- **INFORMATION SHOWN**
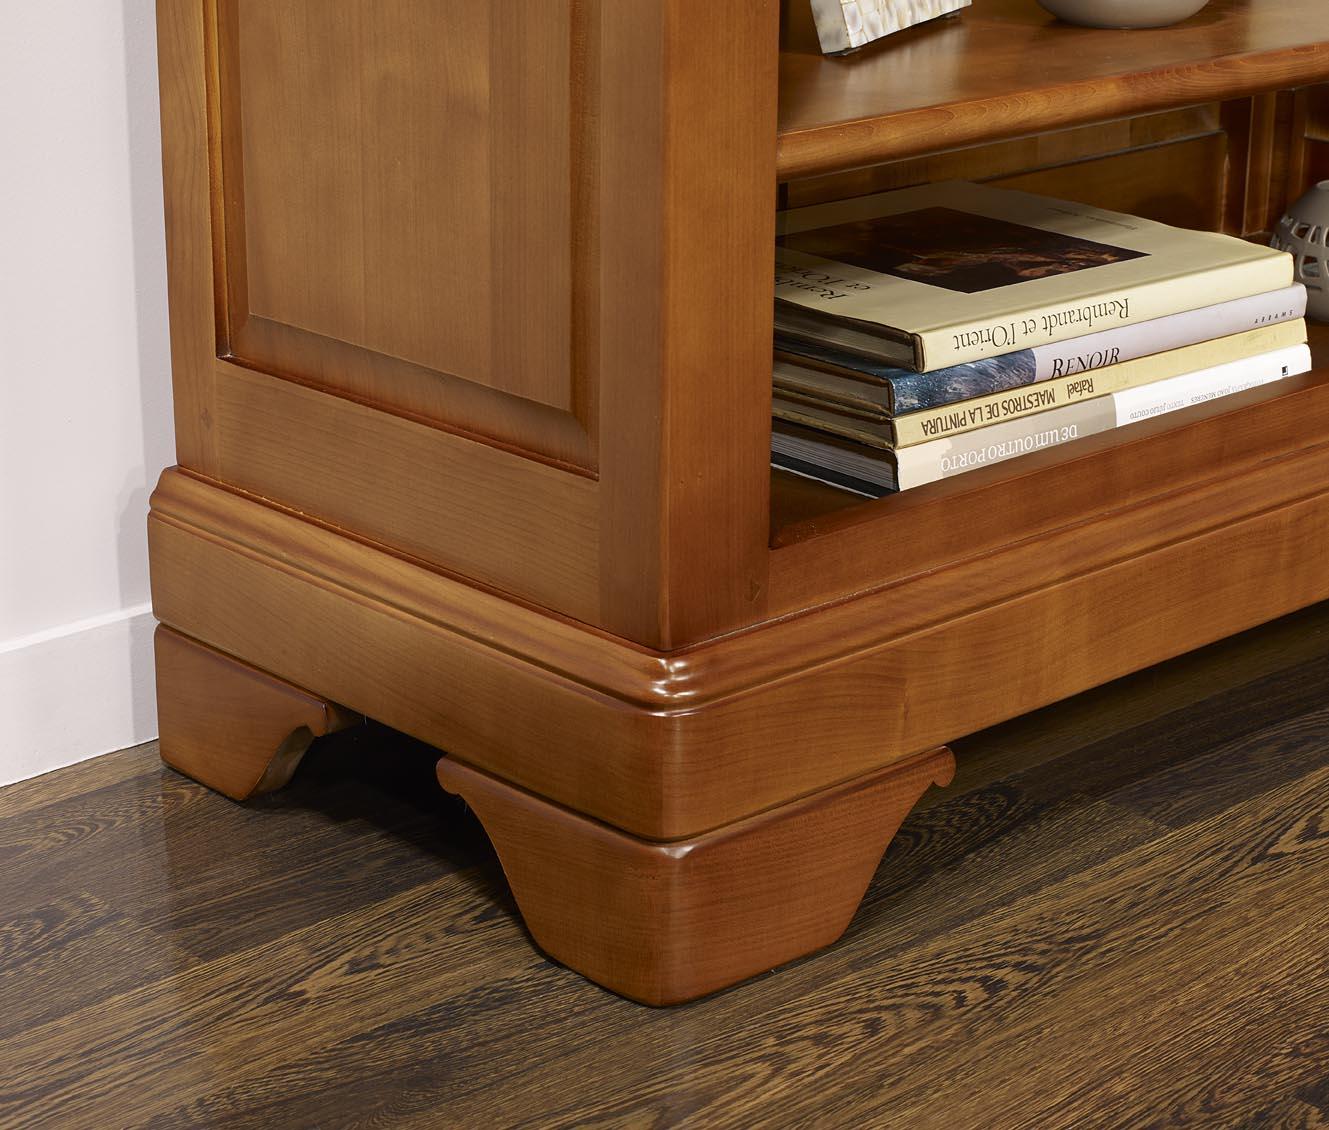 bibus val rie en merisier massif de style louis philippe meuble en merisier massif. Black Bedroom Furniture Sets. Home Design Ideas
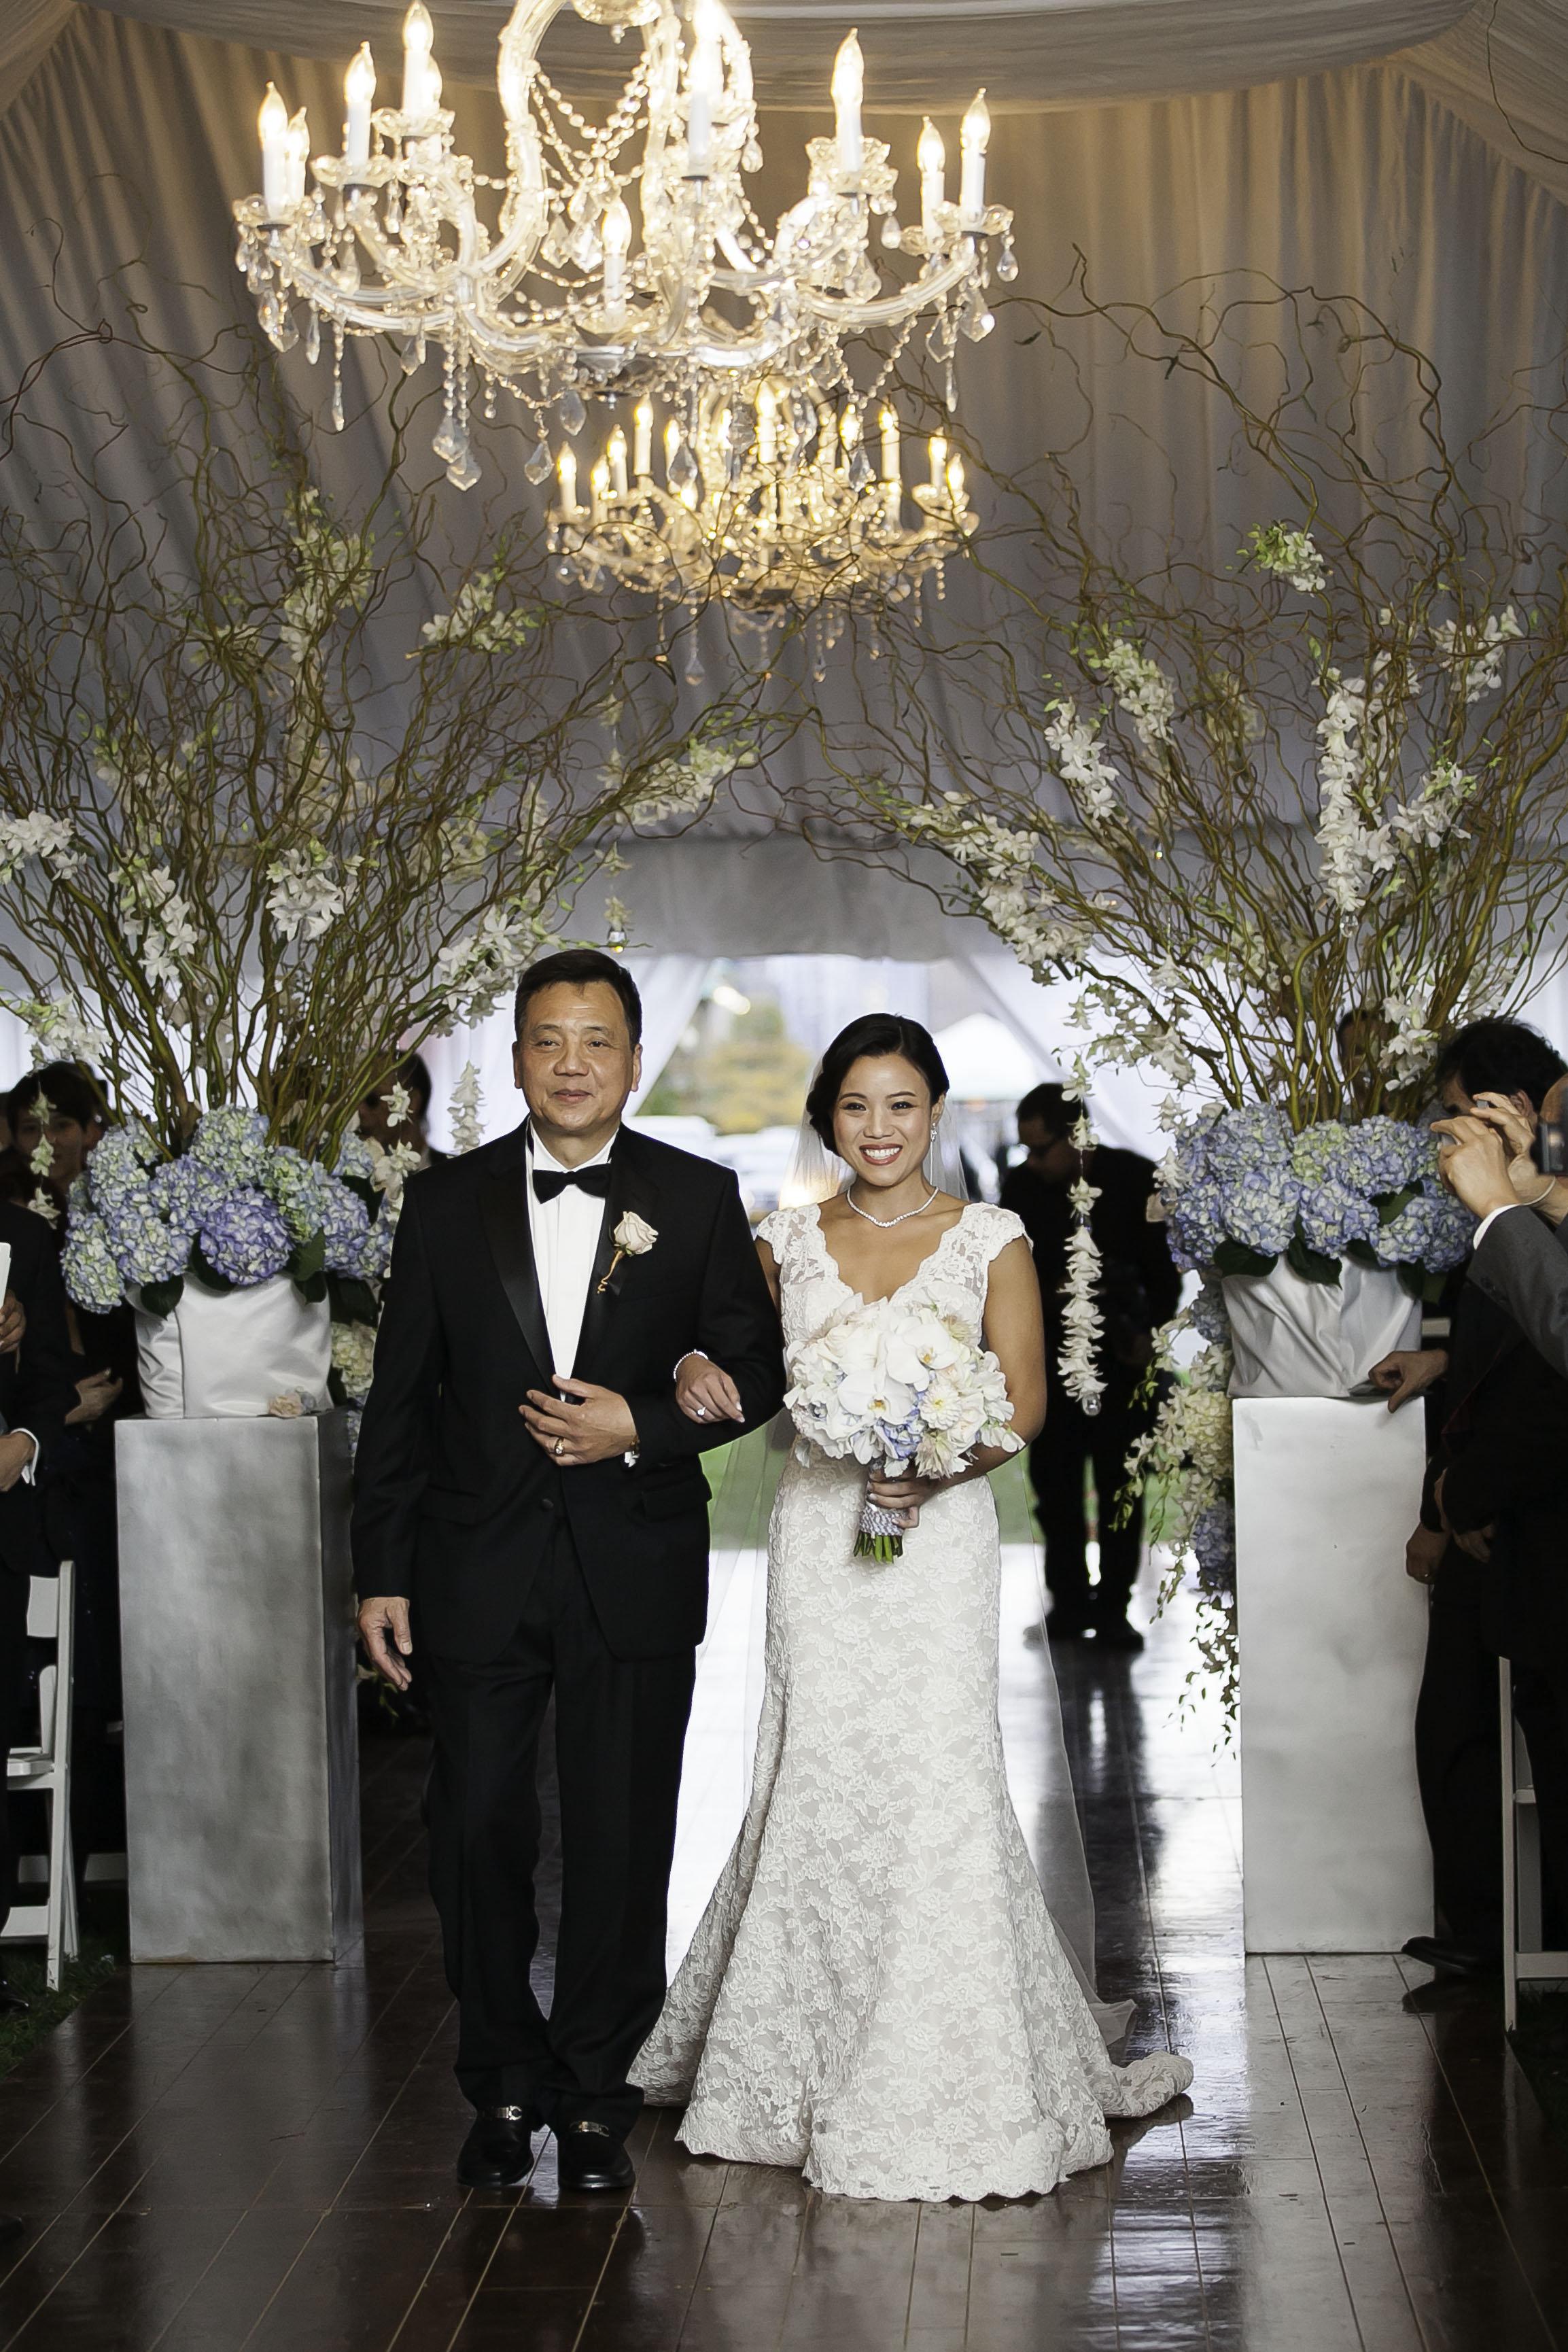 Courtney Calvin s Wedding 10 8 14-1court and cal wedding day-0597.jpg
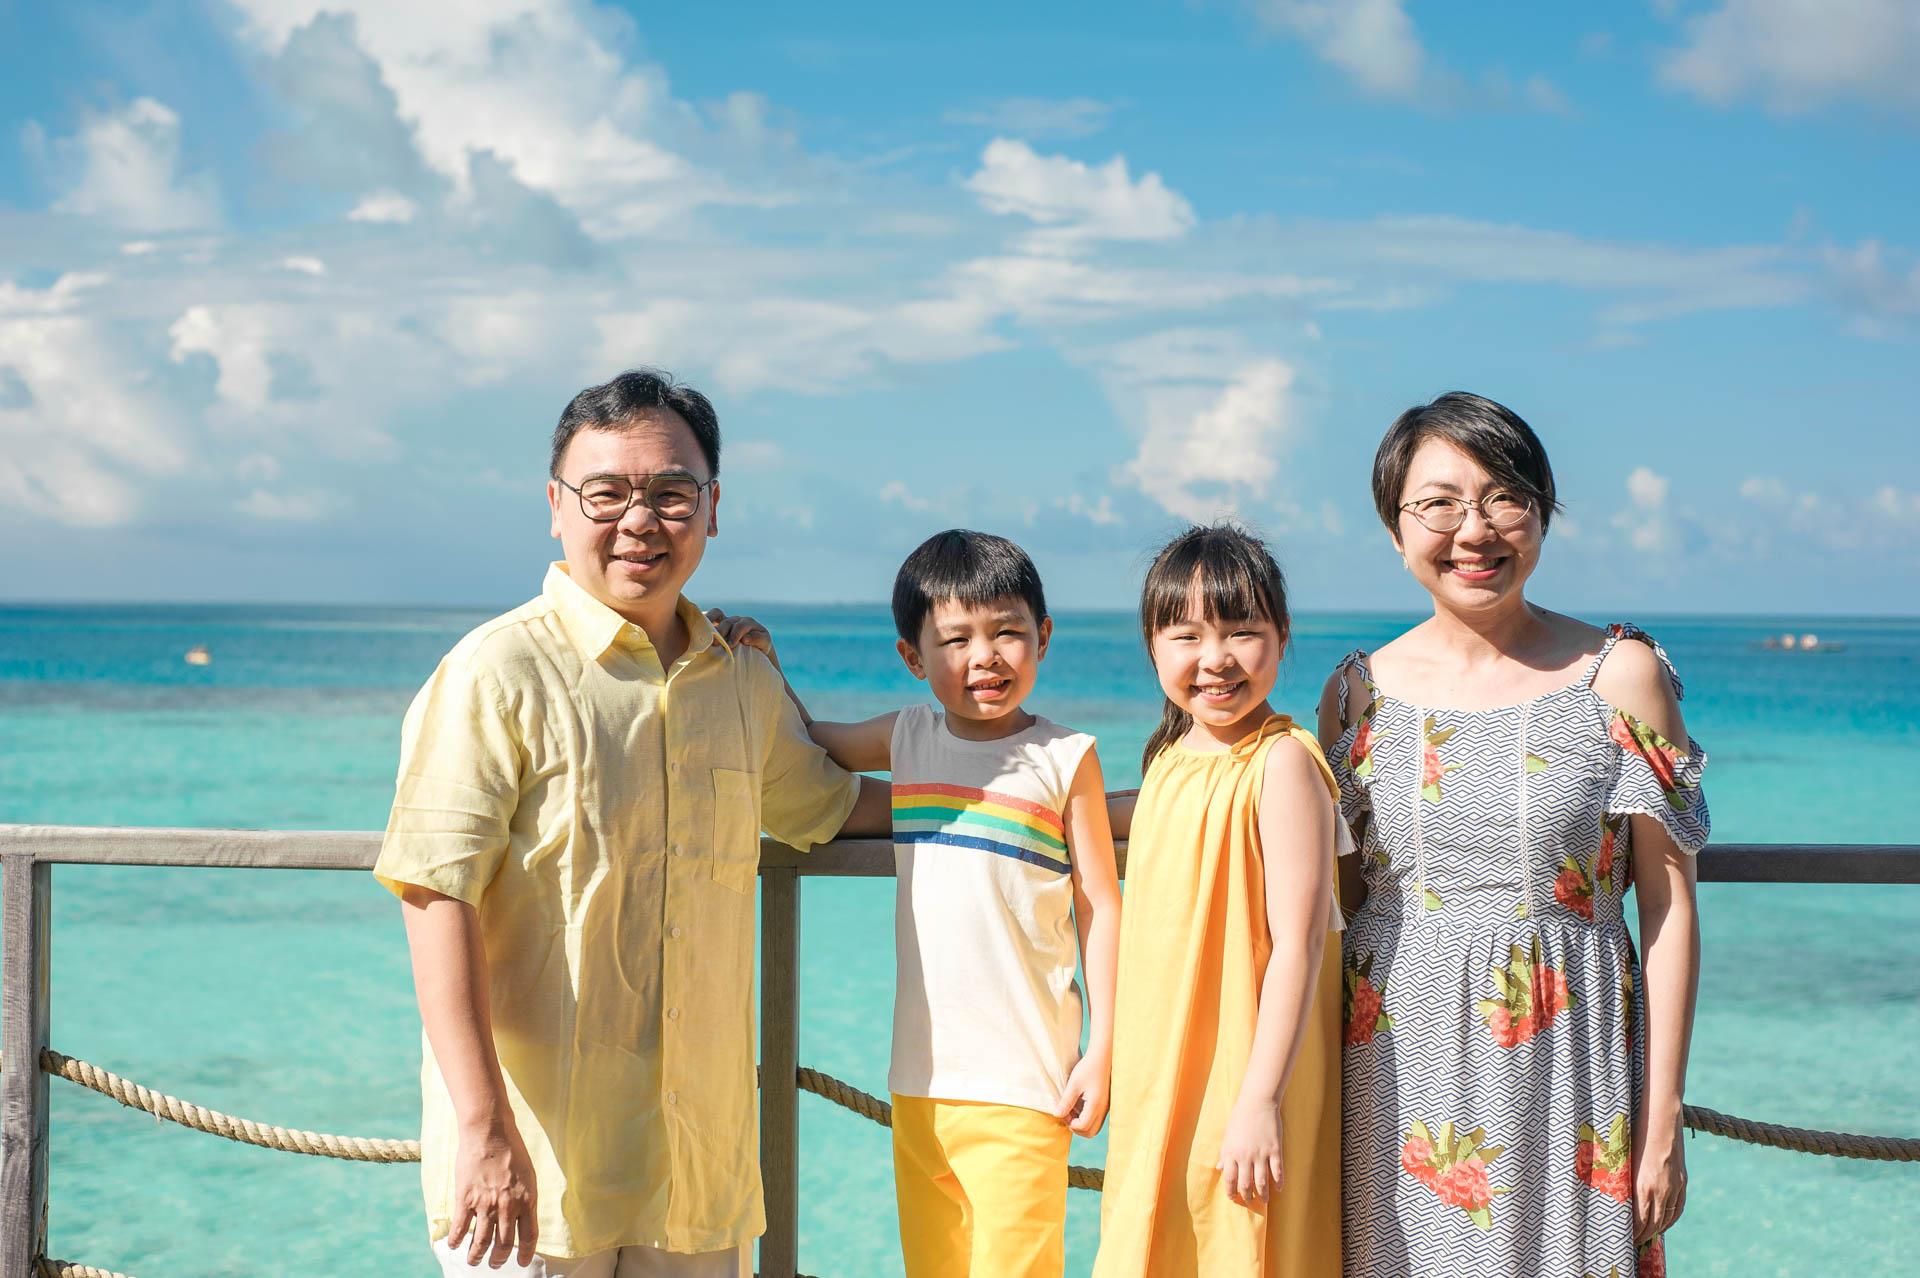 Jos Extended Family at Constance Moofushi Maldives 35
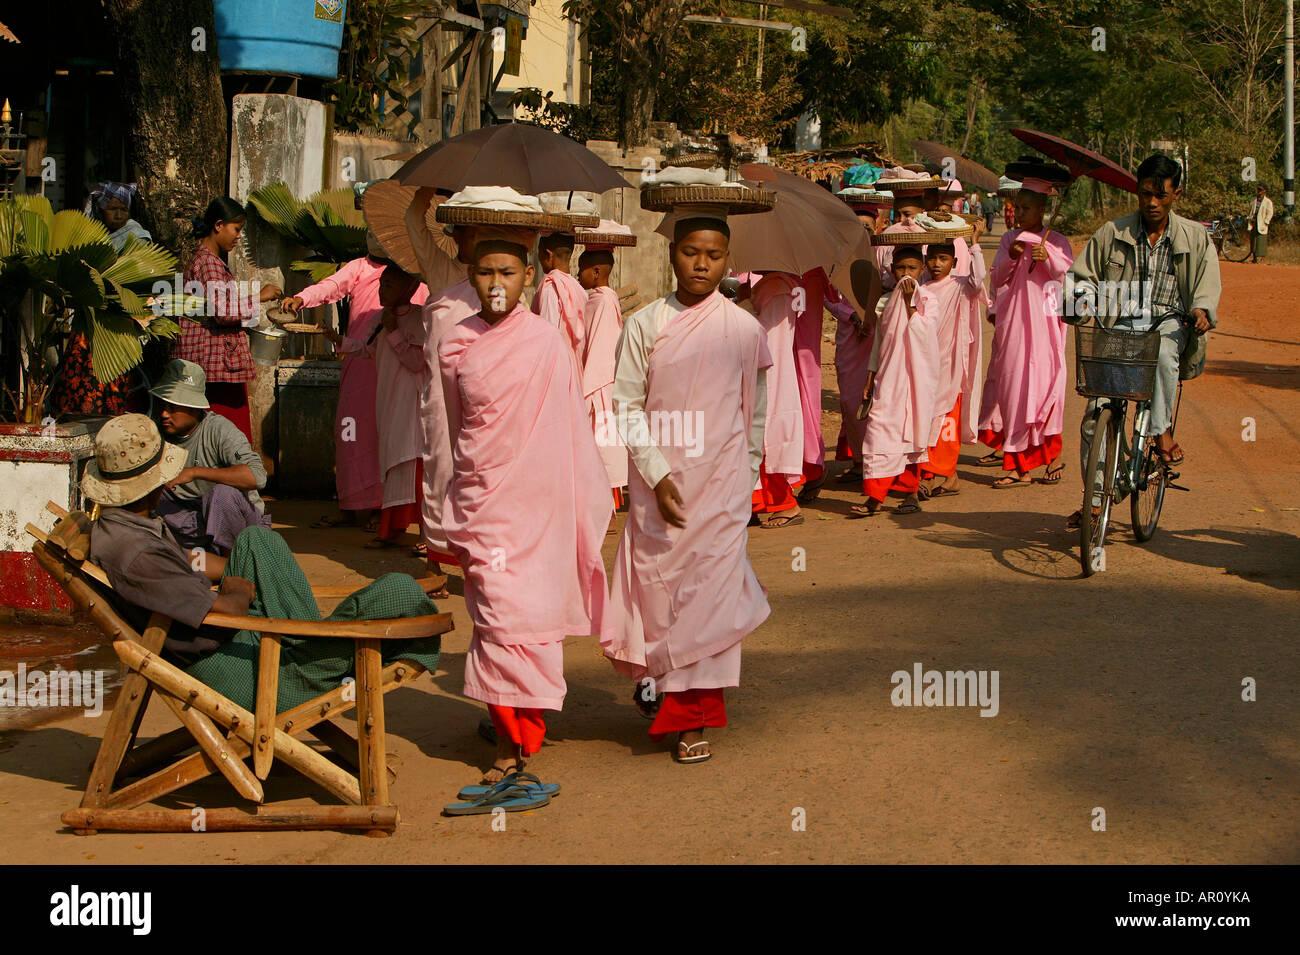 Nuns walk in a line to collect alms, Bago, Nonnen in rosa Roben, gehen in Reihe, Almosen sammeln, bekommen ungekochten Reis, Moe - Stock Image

- **EXERCISE BRIEF**
The response should reproduce all the material above exactly and leave out its pictures.

- **SOLUTION BELOW**
 bibus val rie en merisier massif de style louis philippe meuble en merisier massif. Black Bedroom Furniture Sets. Home Design Ideas
 Courtney Calvin s Wedding 10 8 14-1court and cal wedding day-0597.jpg
 Jos Extended Family at Constance Moofushi Maldives 35
 Nuns walk in a line to collect alms, Bago, Nonnen in rosa Roben, gehen in Reihe, Almosen sammeln, bekommen ungekochten Reis, Moe - Stock Image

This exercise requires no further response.